* [Assigned task]: Copy, without a single change, each line from the one that holds "A stunning view of Burj Khalifa" to the bottom of the entries below, and drop any pictures.

** Material to process follows **

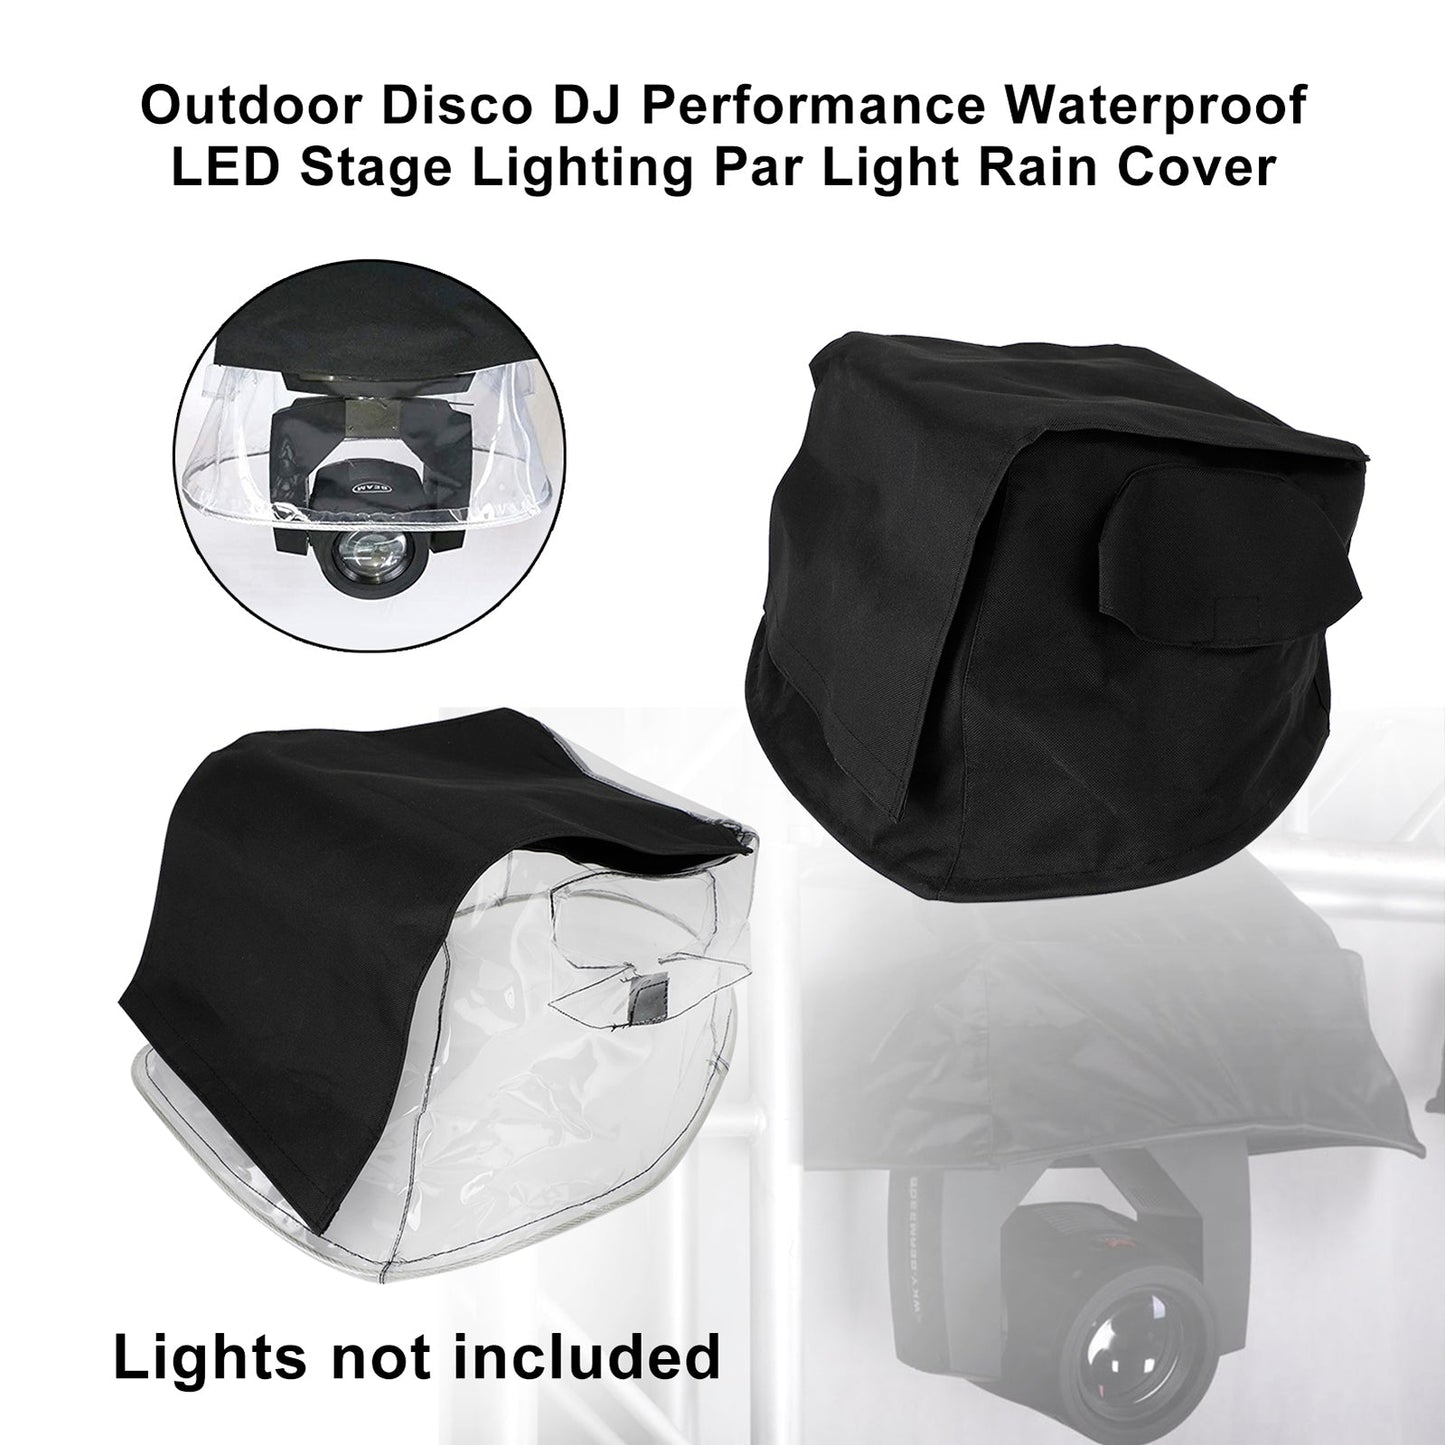 Outdoor Disco DJ Performance Waterproof LED Stage Lighting Par Light Rain Cover
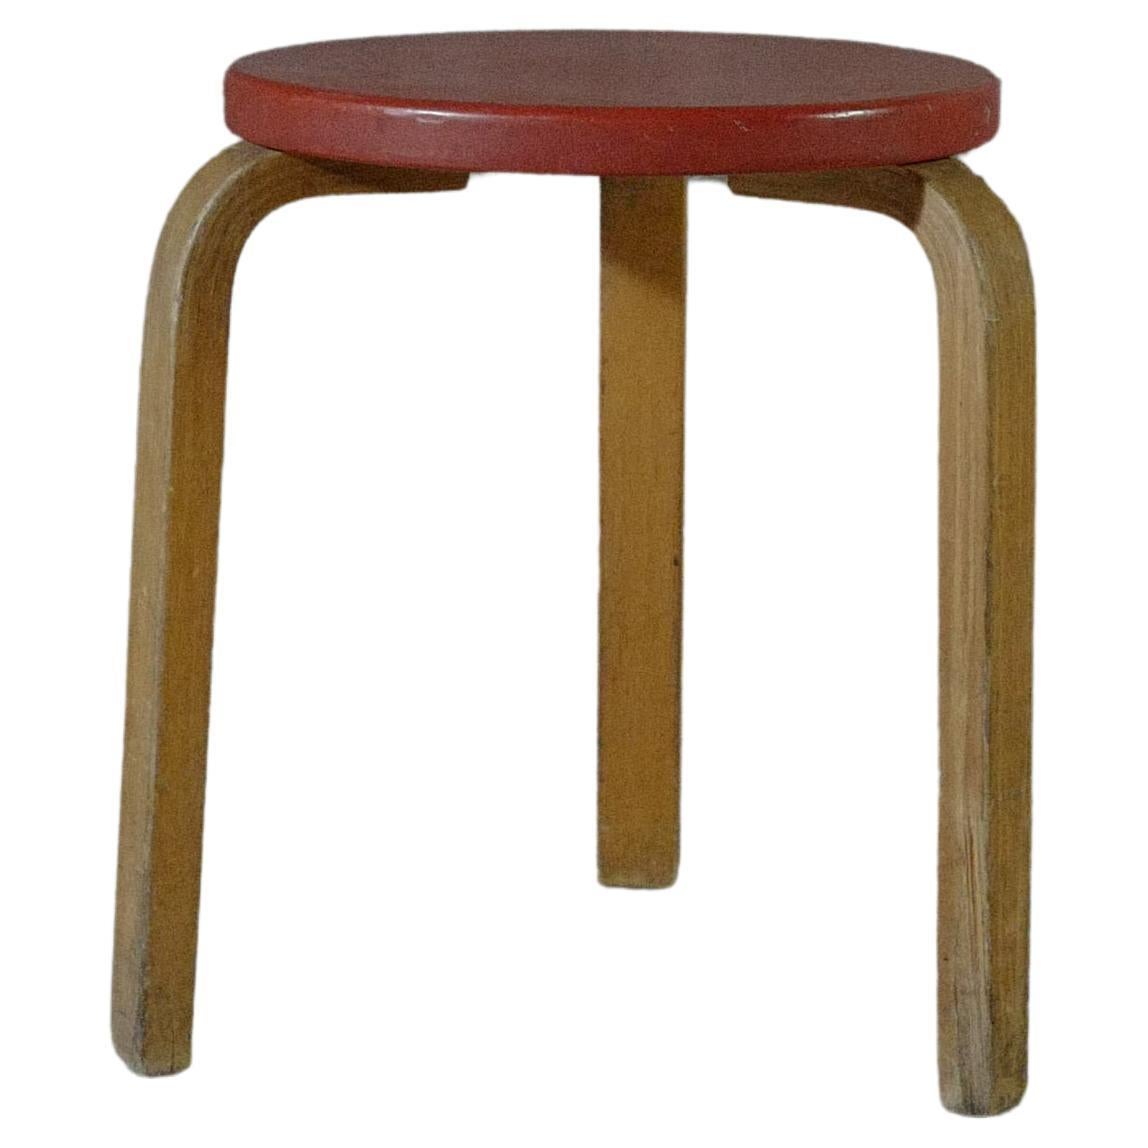 alvar aalto stool60 vinyl leather red 1950's For Sale
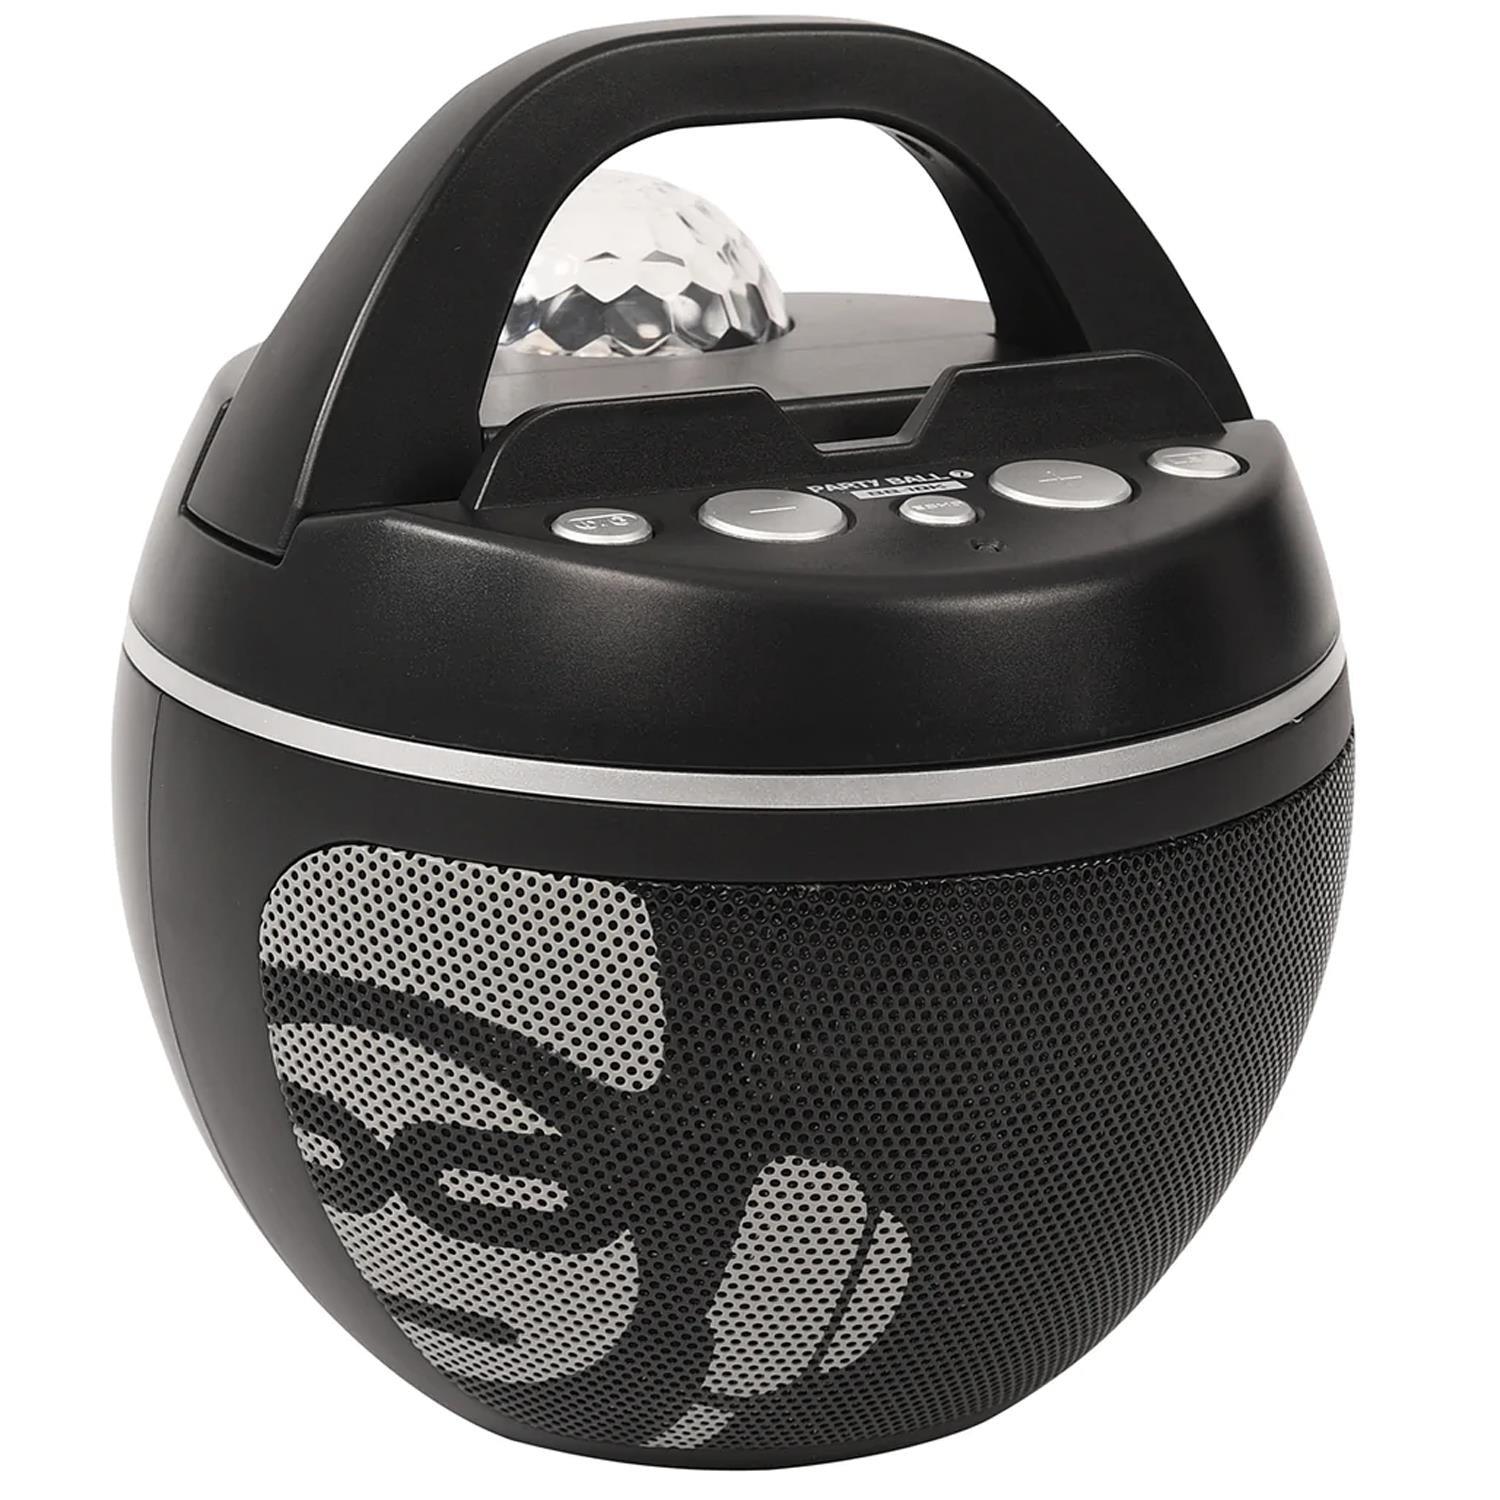 iDance Party Ball 2 Bluetooth Karaoke System - DY Pro Audio
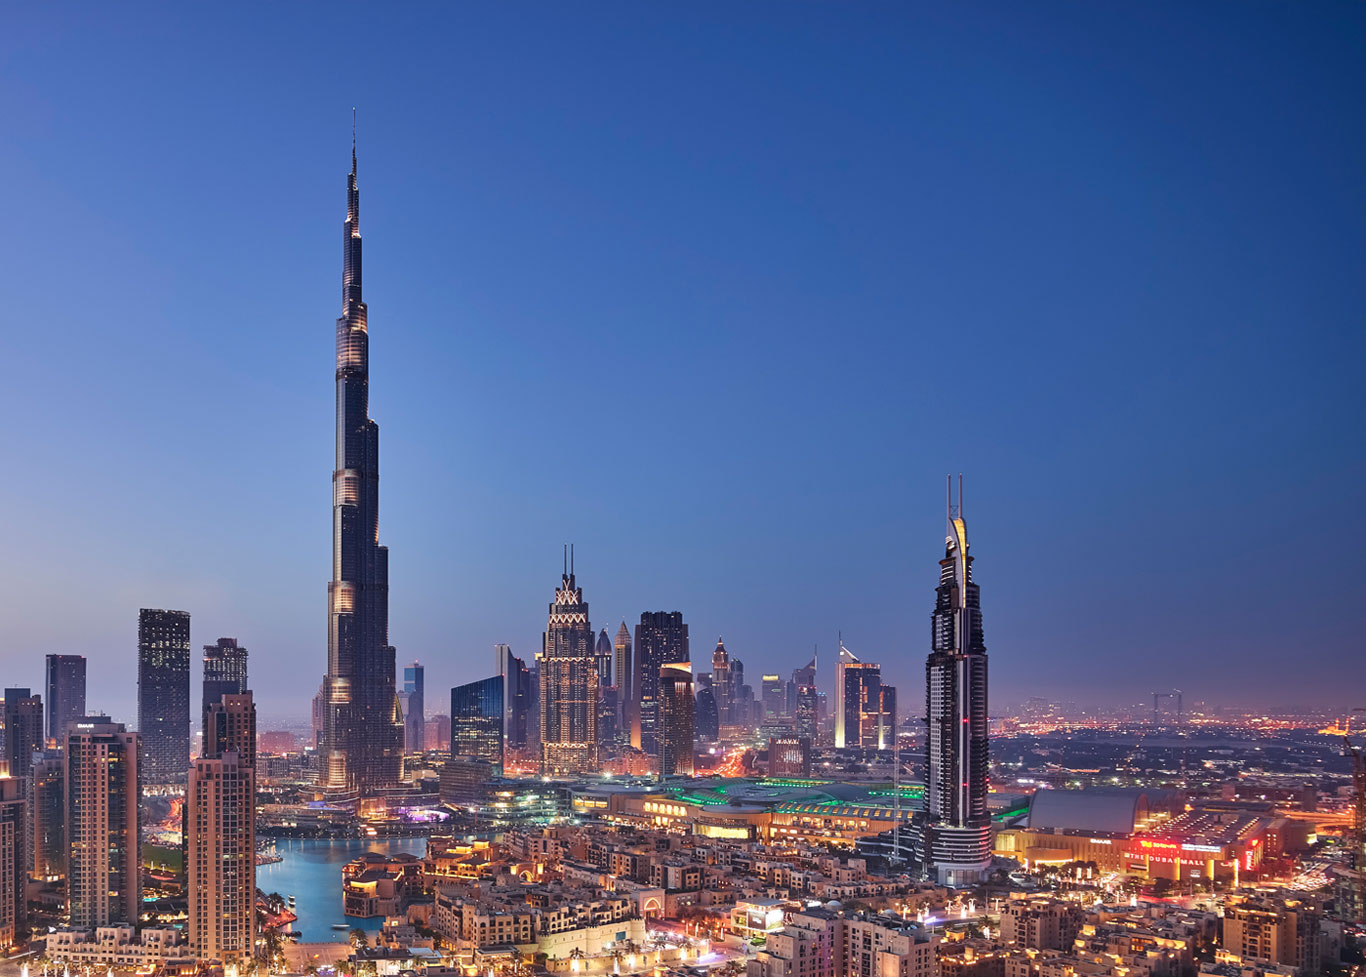 A stunning view of Burj Khalifa
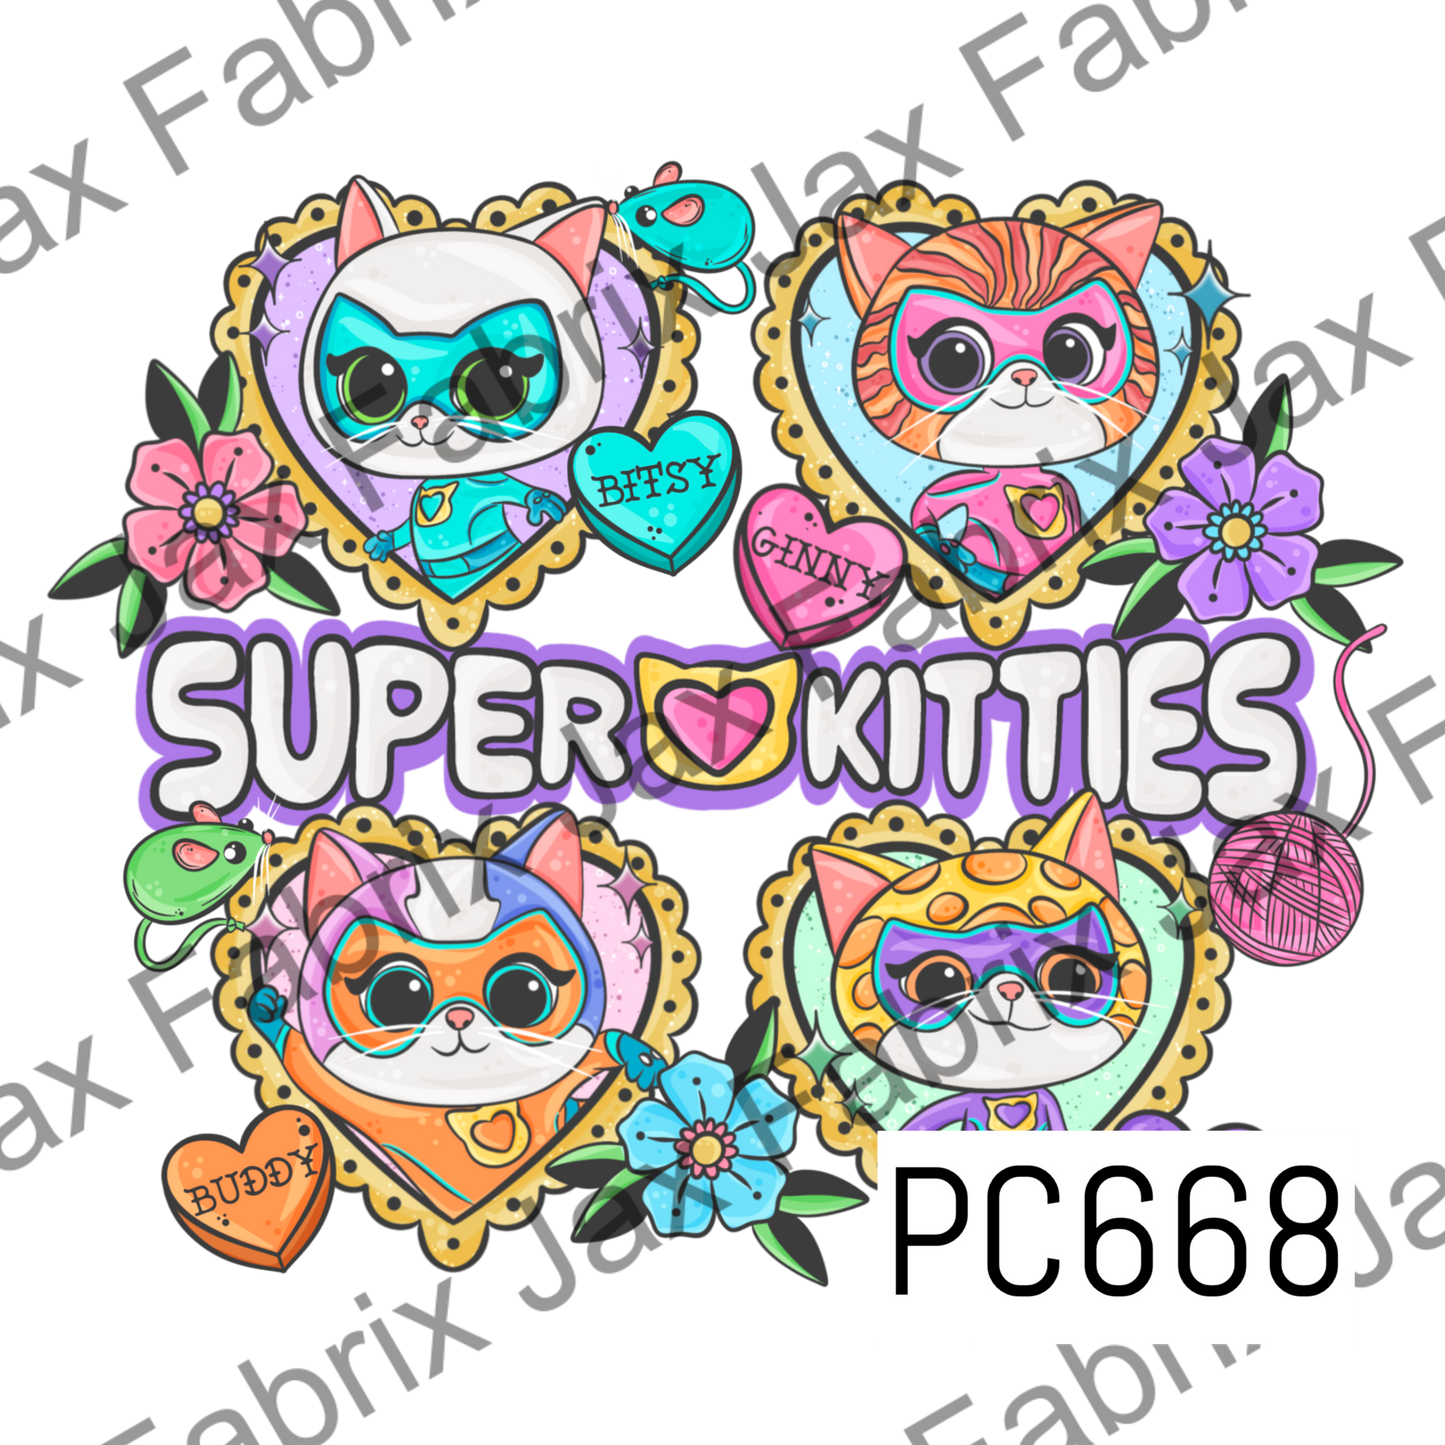 Powerful Kitties PNG PC668

** End of Material to process **

* [Answer area]:
 A stunning view of Burj Khalifa
 Powerful Kitties PNG PC668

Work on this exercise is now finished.